You see a "DelimitedTextMoreColumnsThanDefined" error when copying a pipeline
Cause
If a folder you're copying contains files with different schemas, such as variable number of columns, different delimiters, quote char settings, or some data issue, the pipeline might throw this error:
Operation on target Copy_sks failed: Failure happened on 'Sink' side. ErrorCode=DelimitedTextMoreColumnsThanDefined, 'Type=Microsoft.DataTransfer.Common.Shared.HybridDeliveryException, Message=Error found when processing 'Csv/Tsv Format Text' source '0_2020_11_09_11_43_32.avro' with row number 53: found more columns than expected column count 27., Source=Microsoft.DataTransfer.Common,'
Resolution
Select the Binary Copy option while creating the Copy activity. This way, for bulk copies or migrating your data from one data lake to another, Data Factory won't open the files to read the schema. Instead, Azure Data Factory treats each file as binary and copies it to the other location.
A pipeline run fails when you reach the capacity limit of the integration runtime for data flow
Issue
Error message:
Type=Microsoft.DataTransfer.Execution.Core.ExecutionException,Message=There are substantial concurrent MappingDataflow executions which is causing failures due to throttling under Integration Runtime 'AutoResolveIntegrationRuntime'.
Cause
You've reached the integration runtime's capacity limit. You might be running a large amount of data flow by using the same integration runtime at the same time. See Azure subscription and service limits, quotas, and constraints for details.
Resolution
- Run your pipelines at different trigger times.
- Create a new integration runtime, and split your pipelines across multiple integration runtimes.

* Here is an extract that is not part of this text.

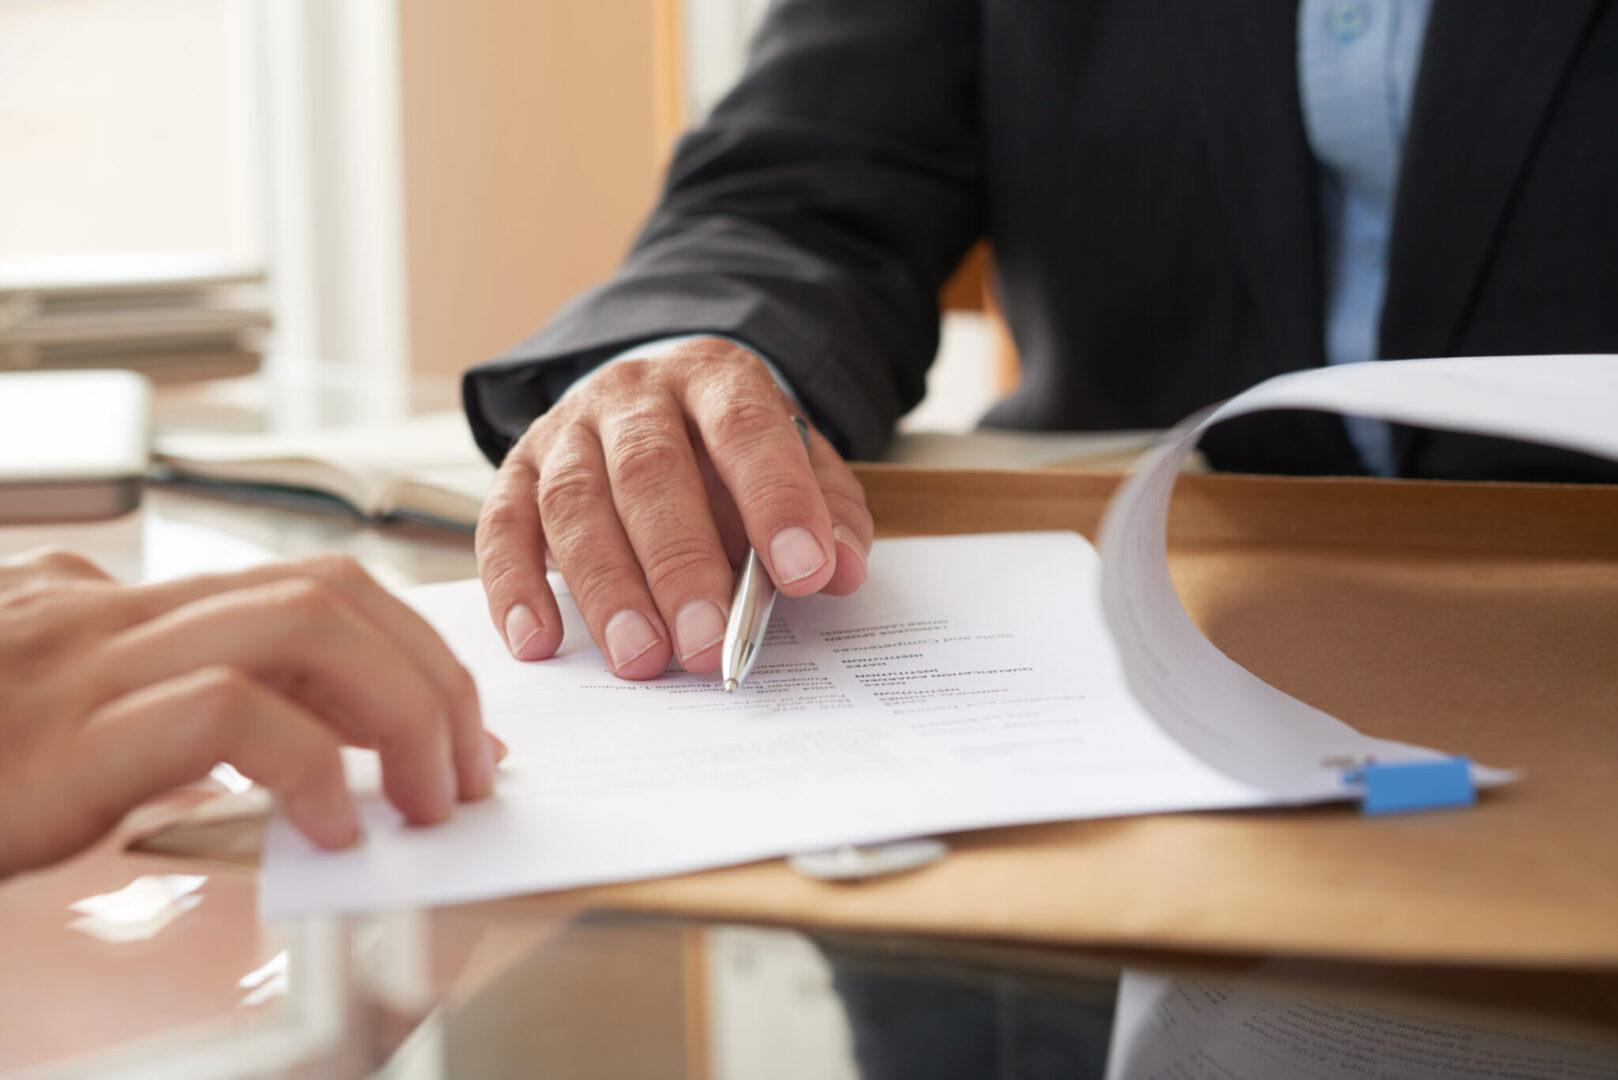 Tribunal Regional Federal valida busca de provas pela defesa

A pipeline run error while invoking REST API in a Web activity
Issue
Error message:
Operation on target Cancel failed: {“error”:{“code”:”AuthorizationFailed”,”message”:”The client ‘<client>’ with object id ‘<object>’ does not have authorization to perform action ‘Microsoft.DataFactory/factories/pipelineruns/cancel/action’ over scope ‘/subscriptions/<subscription>/resourceGroups/<resource group>/providers/Microsoft.DataFactory/factories/<data factory name>/pipelineruns/<pipeline run id>’ or the scope is invalid. If access was recently granted, please refresh your credentials.”}}
Cause
Pipelines can use the Web activity to call ADF REST API methods if and only if the Azure Data Factory member is assigned the Contributor role. You must first configure and add the Azure Data Factory managed identity to the Contributor security role.
Resolution
Before you use the Azure Data Factory’s REST API in a Web activity’s Settings tab, security must be configured. Azure Data Factory pipelines can use the Web activity to call ADF REST API methods if and only if the Azure Data Factory managed identity is assigned the Contributor role. Begin by opening the Azure portal and clicking the All resources link on the left menu. Select Azure Data Factory to add ADF managed identity with Contributor role by clicking the Add button in the Add a role assignment box.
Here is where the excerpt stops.